Often, if such people receive no help for their problems, they may begin to react to their lives through such behaviours as drug abuse, prostitution, relationship problems, low self-esteem (leading to depression), and/or aggression. The victims of your crimes, for example, are no different and are presently struggling with these problems and issues in their lives as you read this.
The self-destructive cycle of behaviour that can result from childhood abuse or neglect can look something like this:
ABUSE = denial, fear, anger, etc. = low self-esteem, feelings of insecurity and inadequacy = withdrawal, loner = rejection = sees himself as a failure, a loser, unwanted by others or undesirable = sets himself up as a victim and further abuse, failure or rejection (Note: the symbol = means "leads to")

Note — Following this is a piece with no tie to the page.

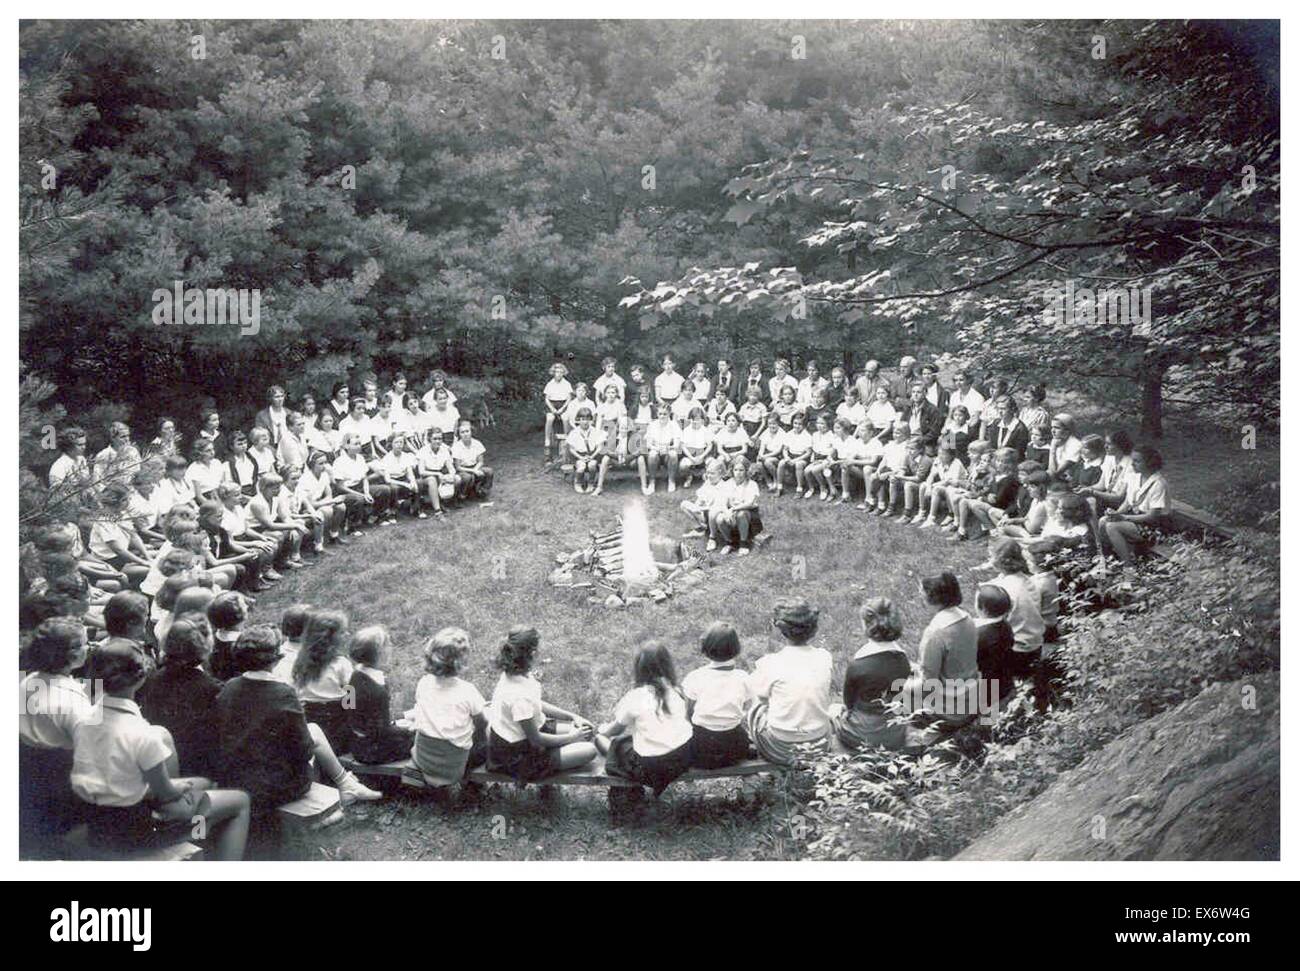 American Summer Camp im Jahr 1935 seit fast 100 Jahren am Aloha Hive in Fairlee, Vermont haben ihren Tag mit einem Gefühl von Magie und Gemeinschaft im Kreis der Abend beendet. Stockfoto

If you were abused as a child, had alcoholic parents, or came from a family that was neglectful, you may have learned to respond to people in an unhealthy manner. You learned that because others behaviours were not predictable (as alcoholic parents behaviour is not),they were to be feared and not trusted. As a result you do not assert yourself to get your needs met properly. When you don't get your basic needs met in a healthy way, then you feel inferior. If you WEREN'T abused, you may have learned to feel this way for other reasons. Fear, anger, rejection, distrust, low self-esteem, inadequacy, and other such emotions are treatment issues on which you will have to work.
You will find that even though you learned these behaviours in the past, they are all present and operating within you today. Your emotions, feelings, and thoughts directly affect who you are and how you act. Old habits of feeling, thinking, and acting help you to get caught in a cycle of low self-esteem and poor achievement. You will need to correct these old distorted feelings, thoughts, and emotions now so they don't continue to interfere with your new healthy life of the future.
Present Behaviour Affects Future Behaviour
There is an old and very true saying - "past behaviour is the best predictor of future behaviour". As much as you may not want to believe it, this is true for you and ALL sex offenders. If you have raped or molested people in the past, the chances of doing it again are very high. History and statistics have proven this to be true, and YOU ARE NO DIFFERENT. There is one way for you to change your future, and that is to change your behaviours and thinking patterns through treatment.
So, as you begin to think about your past and work towards your future, stick with it. Don't let your past control your future. You are powerless over the past. You cannot change the past. You CAN control the future by how you allow yourself to feel, think, and behave NOW.